I remember reading about Dial H for Hero because Marv Wolfman was the writer and was glad to get the free insert.  Well, I carefully read that issue, because what I wanted most in the world back then was to become a comic artist and writer.  I wanted to create my own superhero.  I never sent one in, however, because I felt the compensation was too little which was a T Shirt.  And, you would lose all rights to the characters.  Even at the age of 12 and 13, I already knew about the process to copyright.

Needless to say, I only read four comics back then,  Wonder Woman, Justice League of America, The New Teen Titans, and Adventure Comics featuring Dial H for Hero.  In fact, I got a subscription to these four titles.  Which I am glad, because my father was injured and could not work at that time.  So I would not have been able to read comics back then.

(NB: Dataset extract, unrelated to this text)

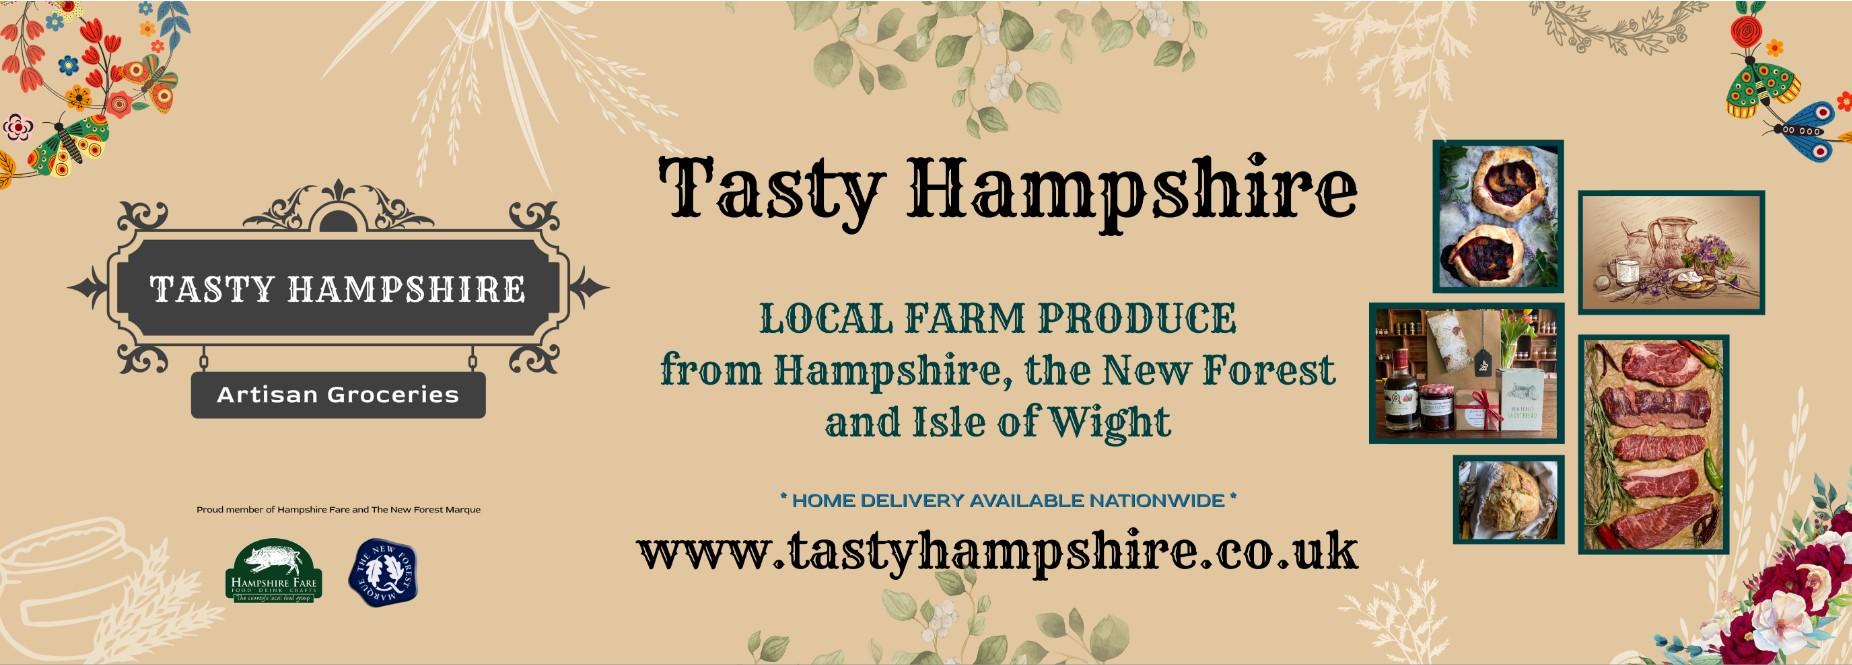 Tasty Hampshire

Everyday, I would come home from school expecting to get some comics in the mail.  Sometimes, two came in the same day, other times it was normally once of my titles per week.  I would love to read about Chris King and Vicki Grant.  They would become various heroes that had been created by the fans.  This was wonderful because I was able to read the exploits of so many new characters that came from their mystic dials.  I would always love that the kids would always make the mistake of calling Detective King by his name.  He never figured it out, but always had his suspicions.  I enjoyed the story when they had to testify, and since they never became the same character twice, they went in to testify after they had converted to another set of heroes, but took off their costumes and went in as their "civilian identities."

Dial H for Heroes also was in the 60s and even as recent in the 00s.